### [WHAT IS REQUIRED]
Set down a true copy of the data, with all pictures left out.

### [DATA BELOW]
>>

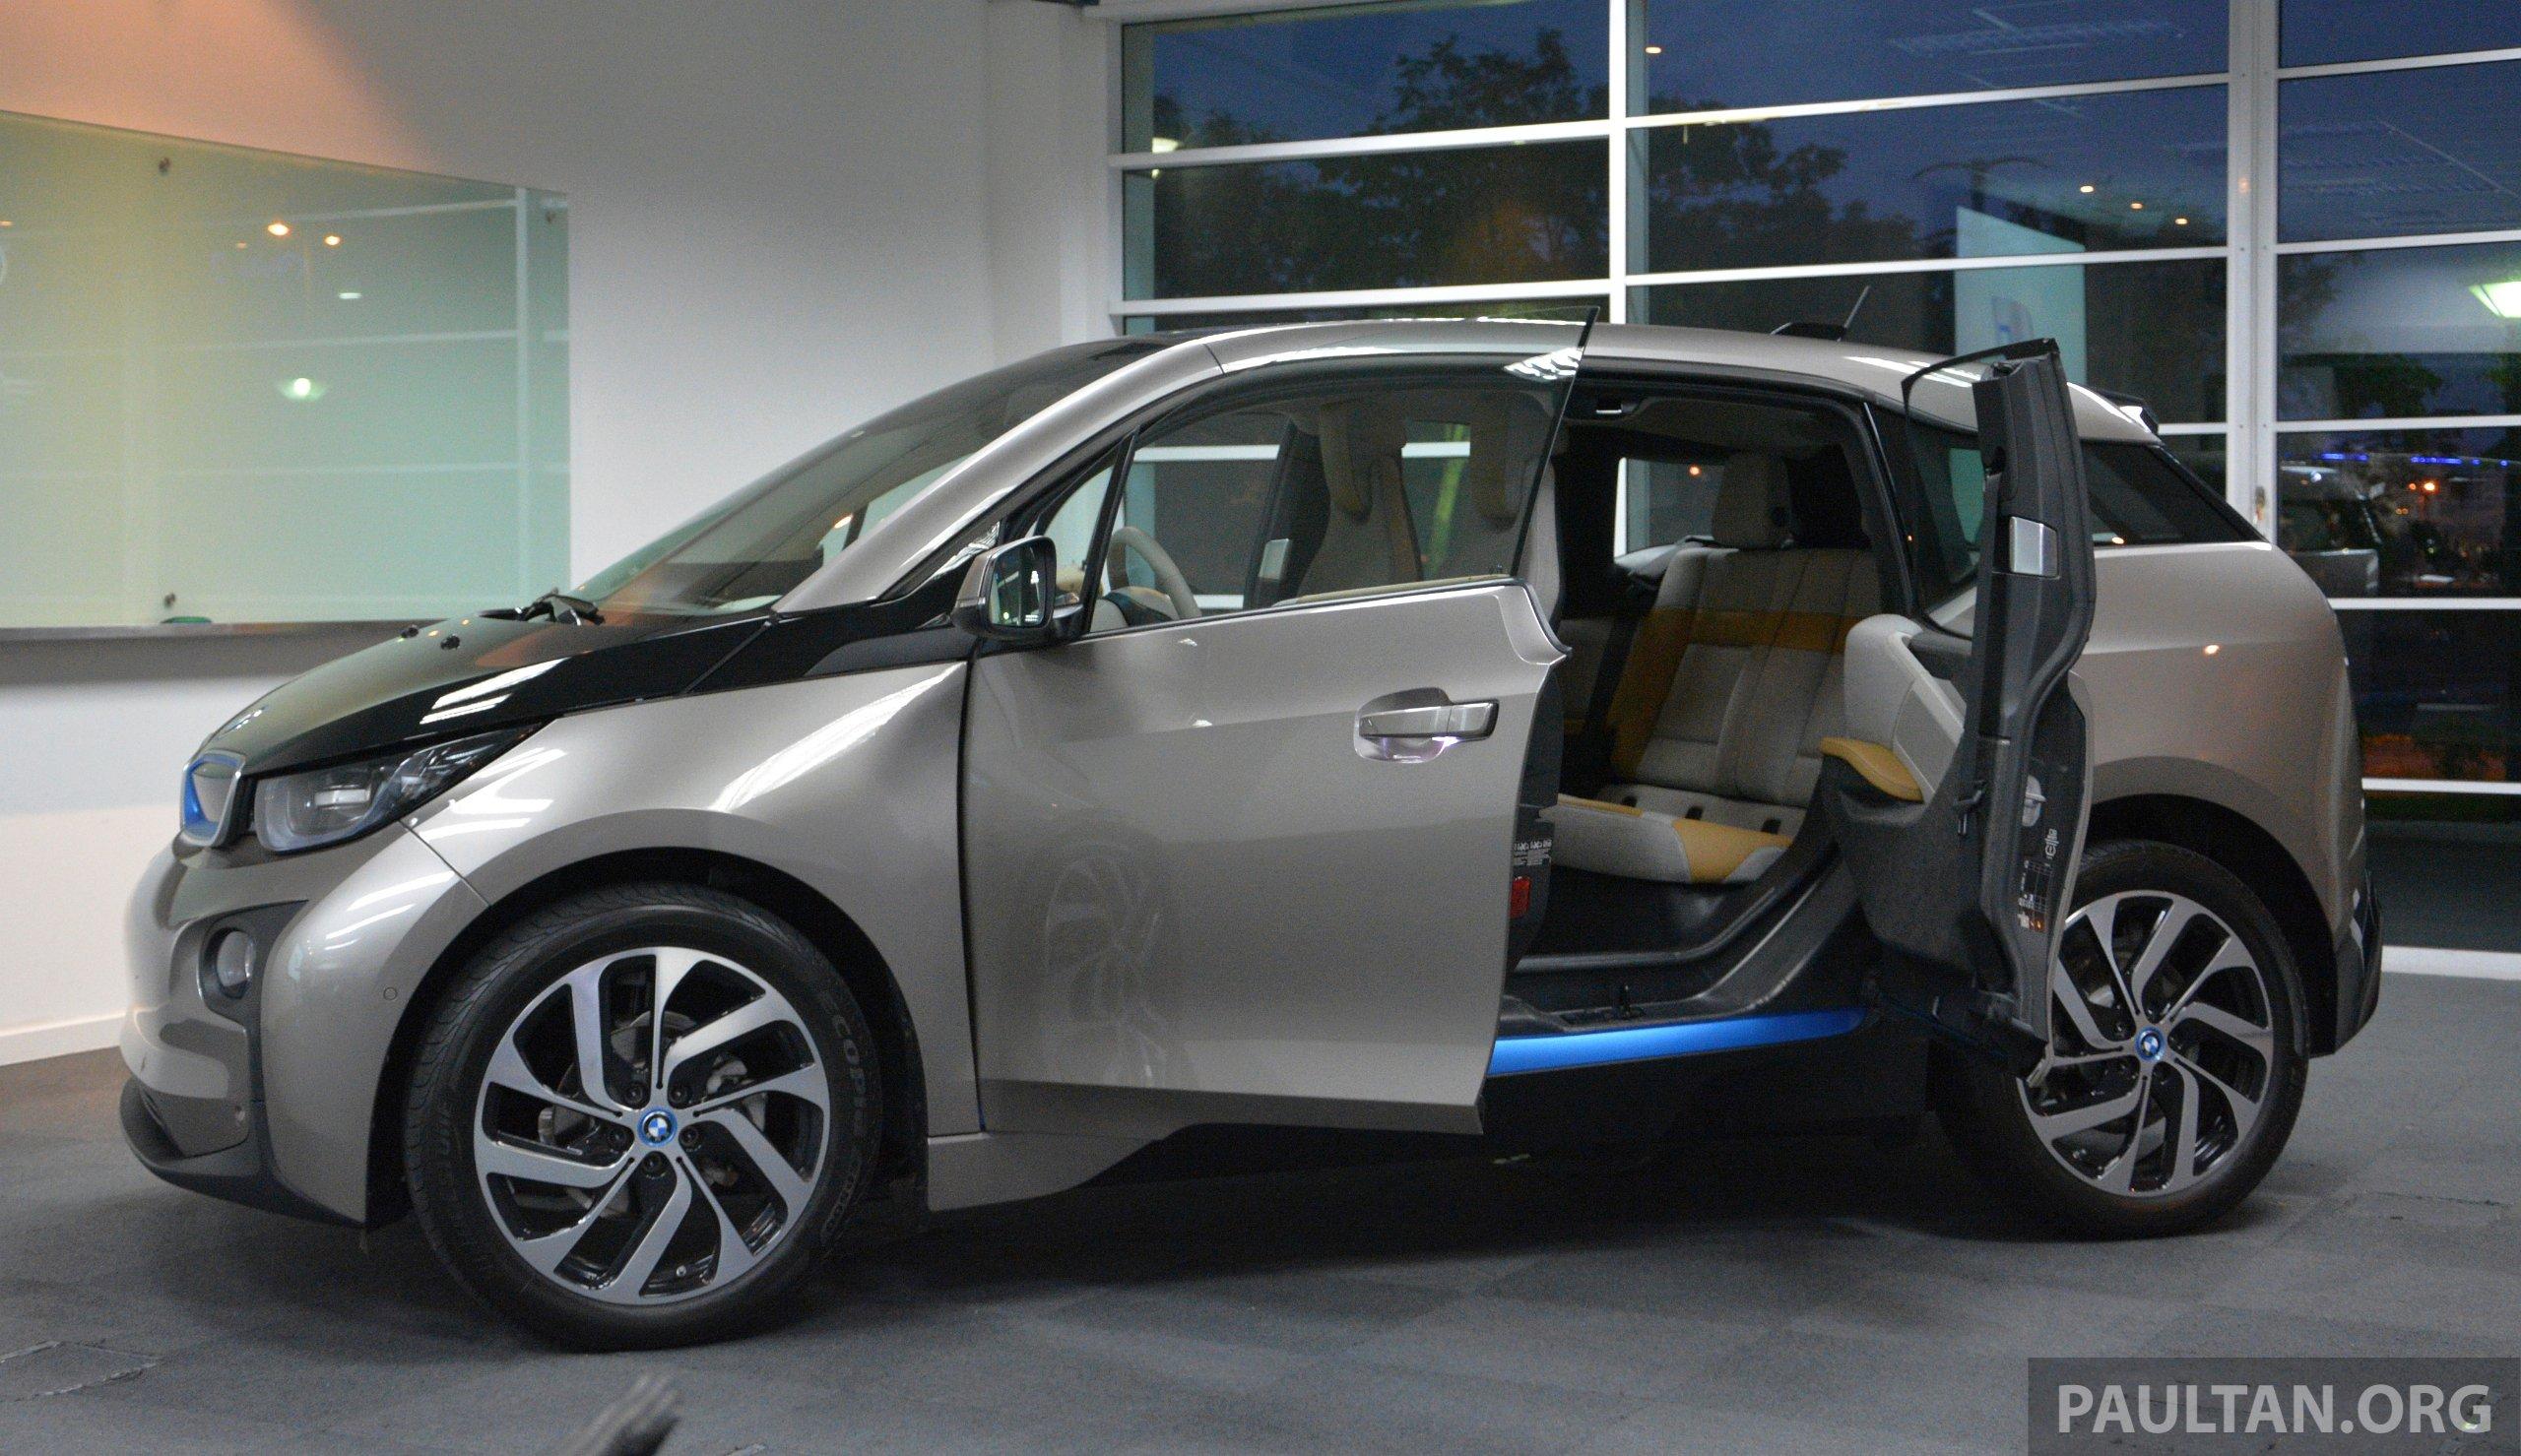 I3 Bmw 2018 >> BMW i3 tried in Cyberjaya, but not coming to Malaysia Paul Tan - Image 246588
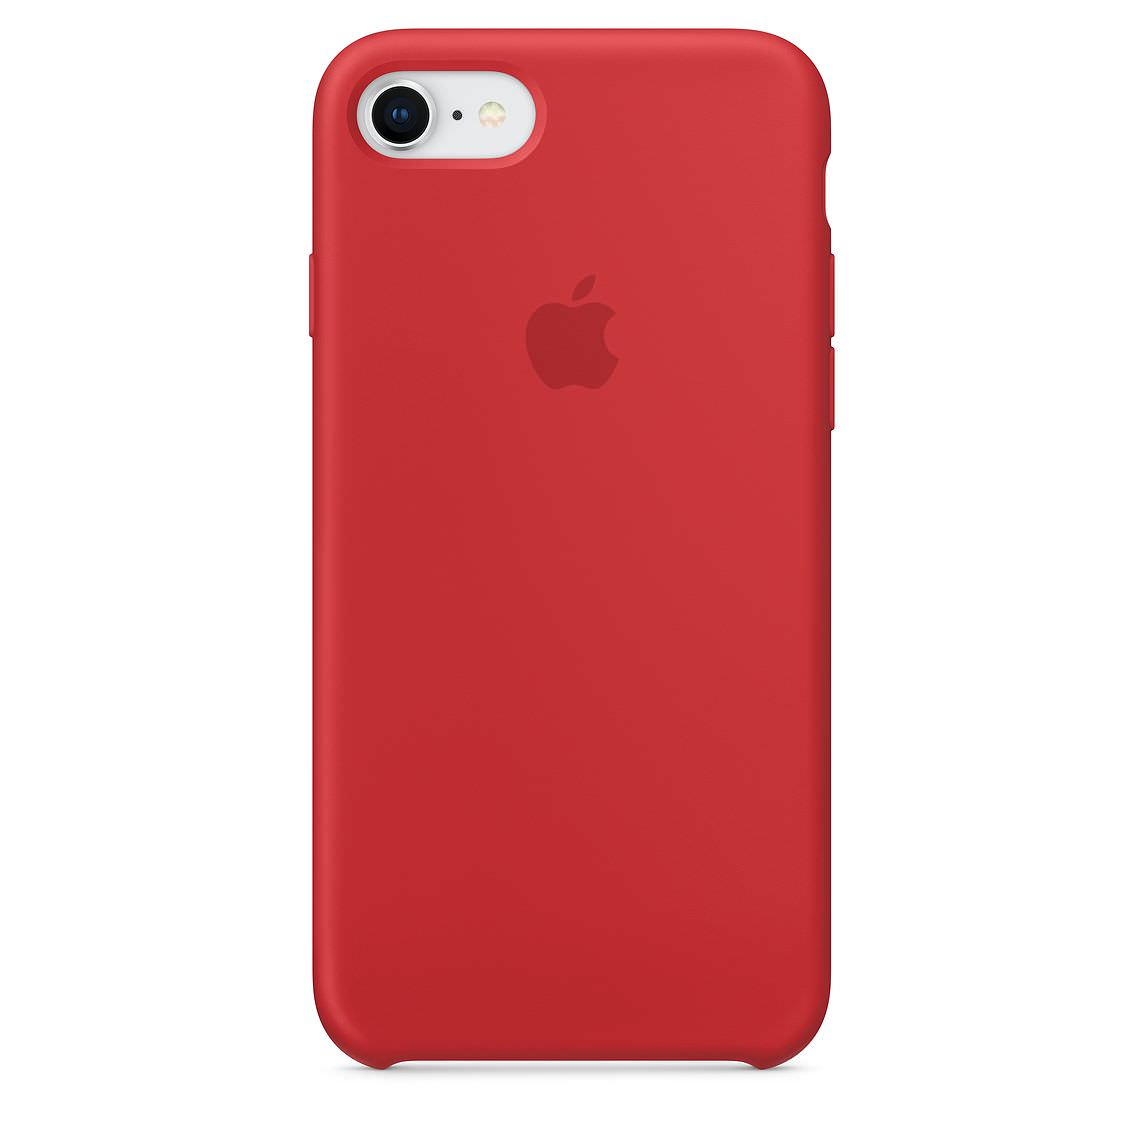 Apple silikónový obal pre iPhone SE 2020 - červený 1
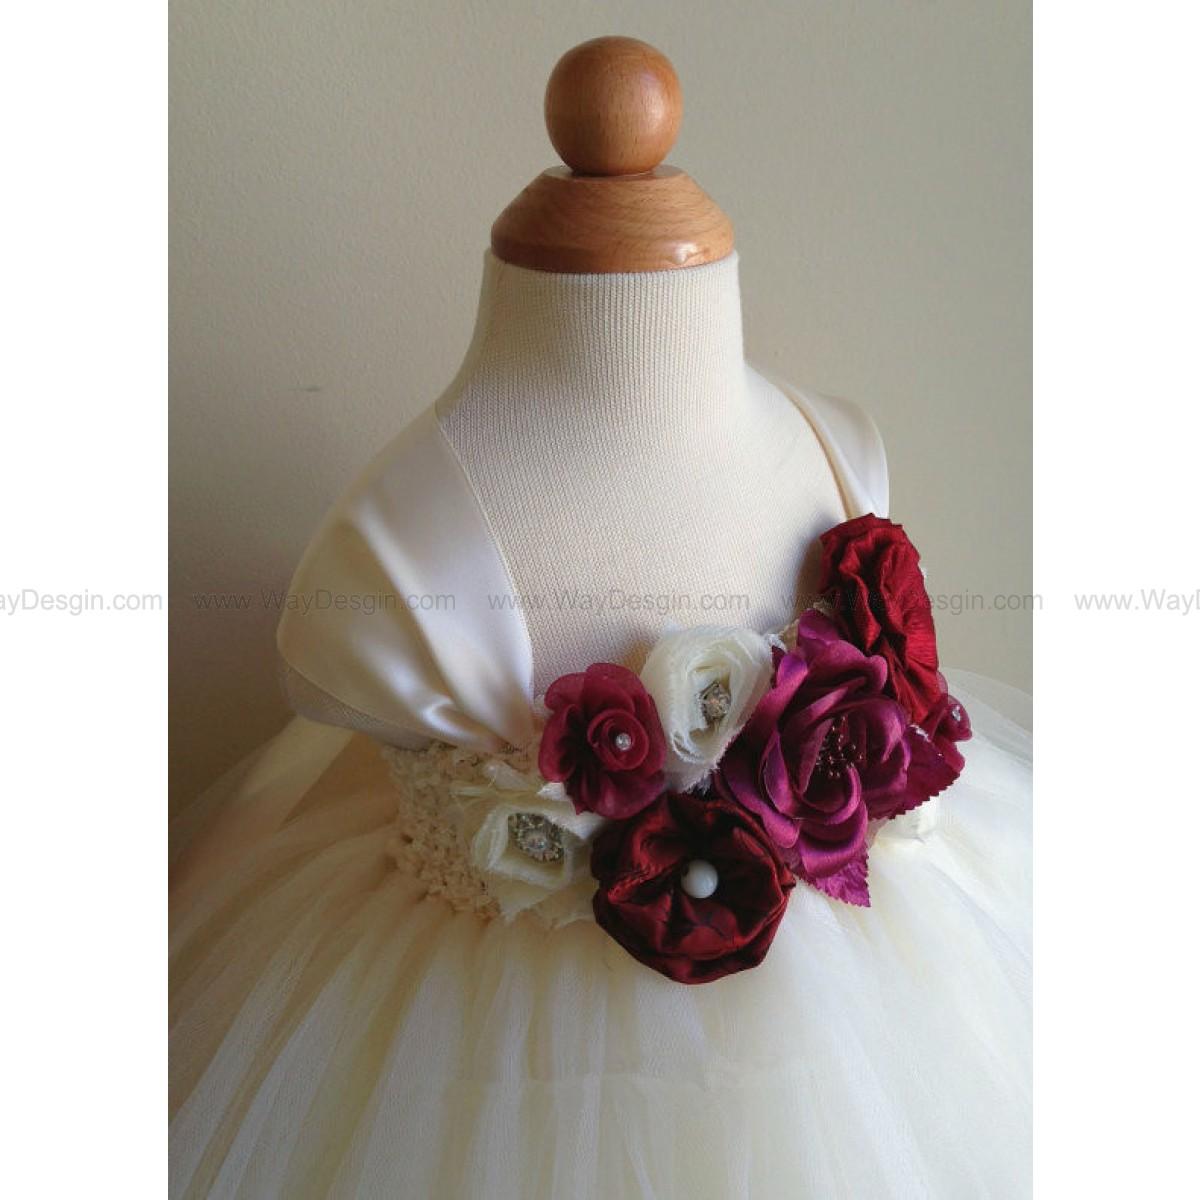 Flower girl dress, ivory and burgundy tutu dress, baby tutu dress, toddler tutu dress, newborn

<<

### [RESPONSE AREA]
 I3 Bmw 2018 >> BMW i3 tried in Cyberjaya, but not coming to Malaysia Paul Tan - Image 246588
 Apple silikónový obal pre iPhone SE 2020 - červený 1
 Flower girl dress, ivory and burgundy tutu dress, baby tutu dress, toddler tutu dress, newborn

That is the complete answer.